Sharam-Sharam da Conceição Diniz, known professionally as Sharam Diniz, is an Angolan-Portuguese fashion model and businesswoman. She is known for her appearances in the Victoria's Secret Fashion Show.

Career
Diniz has been on the cover of GQ Portugal and Vogue Portugal. Her first modeling job was a 2011 Victoria's Secret spring advertisement. She appeared in a SoHo billboard for 7 for All Mankind jeans.

Diniz has walked the runway for Balmain, Calvin Klein, Prabal Gurung, Vivienne Westwood, Cushnie et Ochs, Rag & Bone, Kenneth Cole, Carolina Herrera, Hervé Léger, Jason Wu among others.
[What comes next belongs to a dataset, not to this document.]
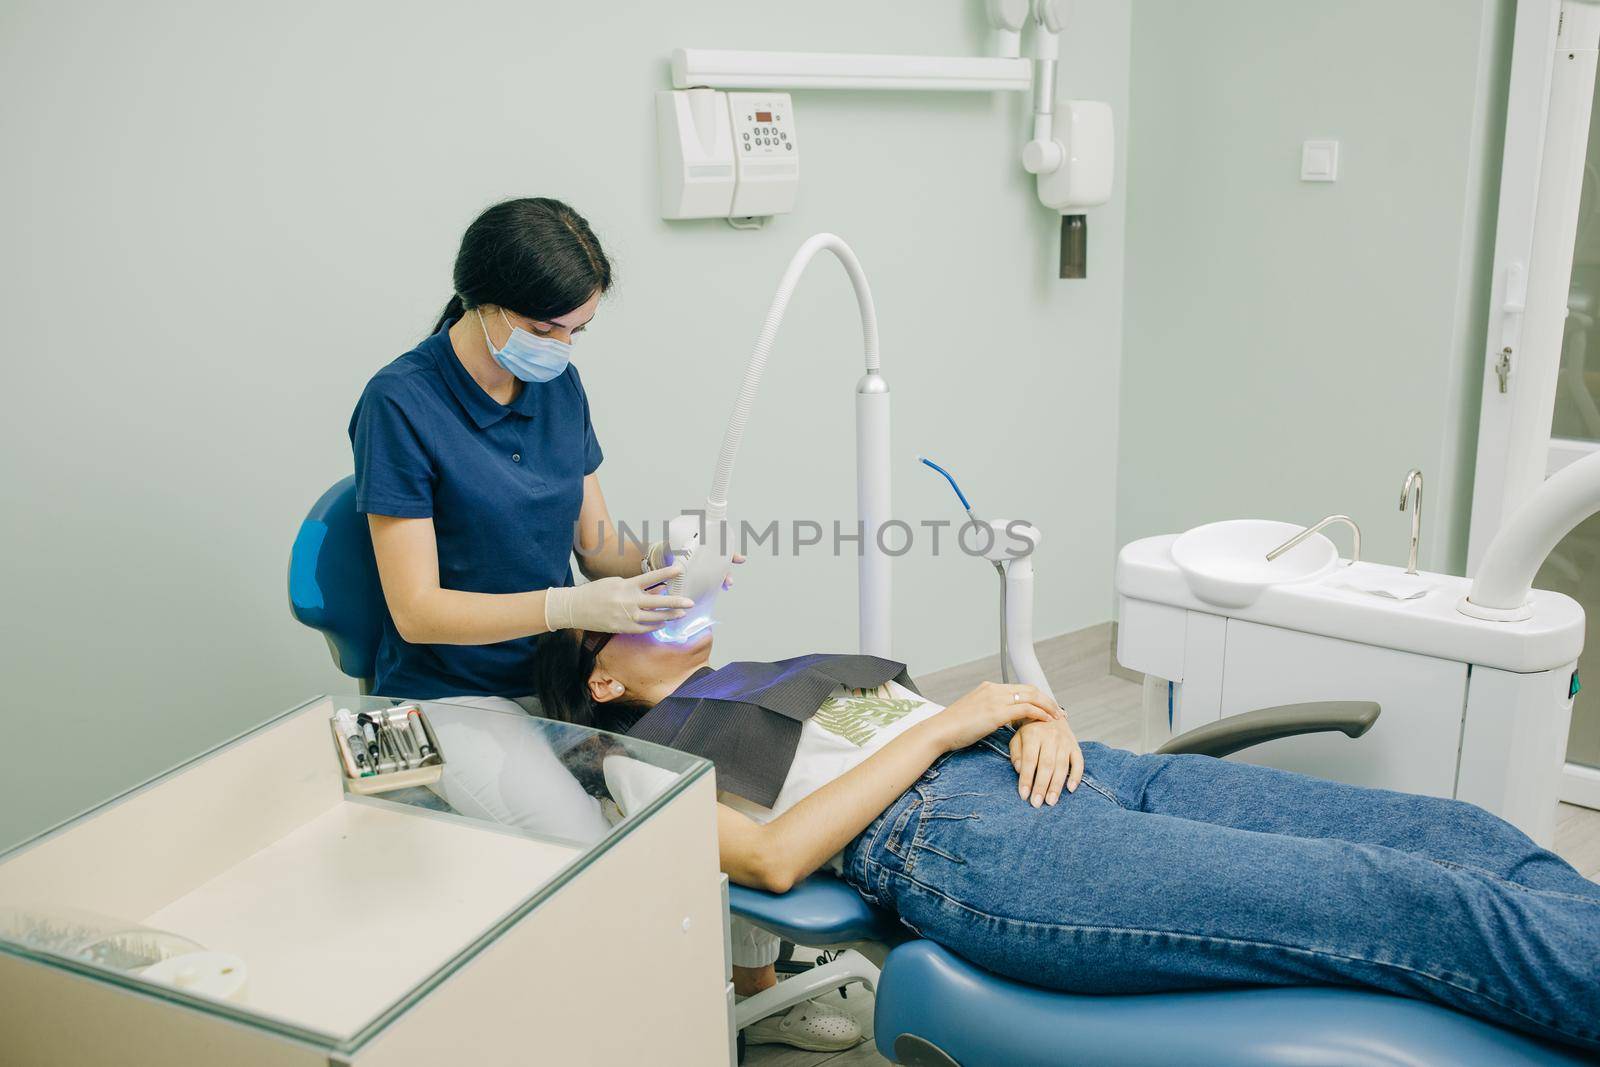 Dentist stomatologist whitening teeth for patient in medicine dental clinic with lamp. Concept of teeth care and dentistry. Teeth whitening procedure by uflypro

She has starred in ads for Tom Ford, Chanel, Ralph Lauren, Armani Exchange, 7 For All Mankind, Target, H&M, Clinique and Anne Klein.

She has appeared in Allure, Cosmopolitan, V (magazine) and Sports Illustrated Swimsuit Issue among others.

In Portugal, she was given the Globos de Ouro ("Golden Globe") award for "Best Female Model".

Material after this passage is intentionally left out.